Special scenarios include H1N1 infection, where early deployment of ECMO is associated with better outcomes, and delay may adversely affect the risk/benefit ratio. In addition, use of ECMO as a bridge-to-transplant for lung recipients should be considered when maximal medical therapy is insufficient. Many programs utilize ambulatory ECMO to improve the respiratory status and conditioning prior to transplant.

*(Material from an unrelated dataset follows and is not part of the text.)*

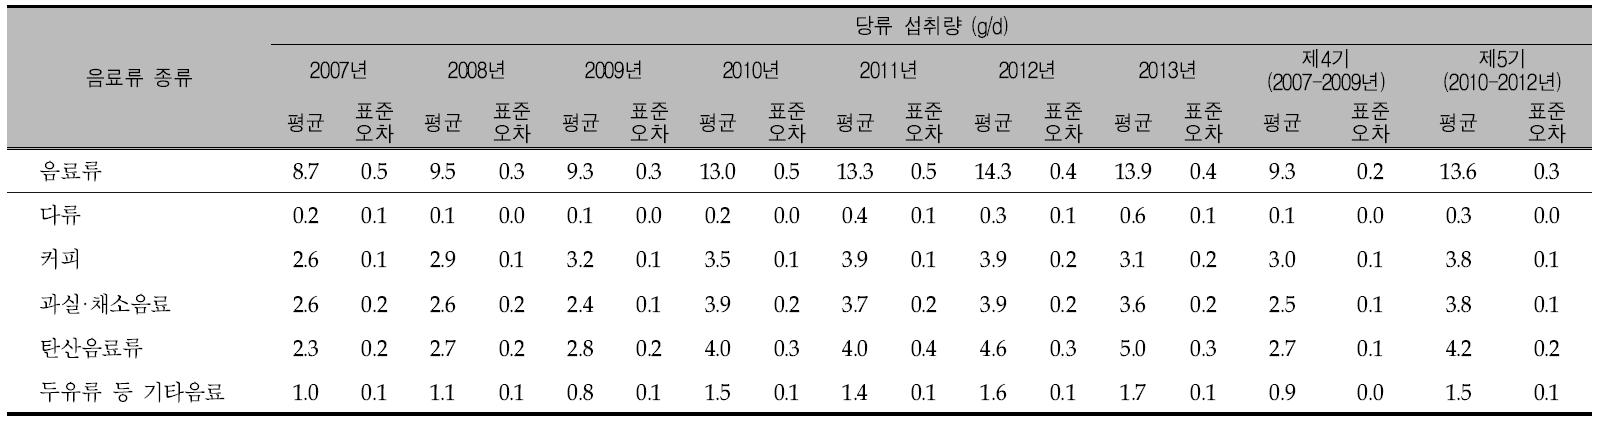 연도별 음료류 종류별 1인 1일 평균 당류 섭취량: 국민건강영양조사 2007-2013년, 제4기(2007-2009) 및 제5기(2010-2012년)

ECMO as a bridge to lung transplantation has significantly increased during the last 10 years. A recent analysis of the UNOS database showed that the use of ECMO at the time of lung transplantation has grown 150% in the last 24 months compared to all previous decades (1970–2010). This increase in utilization is reflected in the growing success reported with the use of different ECMO modalities in patients awaiting lung transplantation. We recently submitted our experience with the use of ambulatory ECMO as a bridge to lung transplantation, reporting the use of ECMO in 31 patients with end-stage lung disease. In our series, all of the patients were awake and the vast majority followed an “algorithm-directed” ECMO management program that involved the use of physical therapy and ambulation in preparation for lung transplant. In our series, the 30-day, 1-year, 3-year and 5-year survival was 97%, 92%, 83%, and 66%, respectively.2 A summary of a modern series of patients bridged to lung transplant while on ECMO is presented in Table 113-1.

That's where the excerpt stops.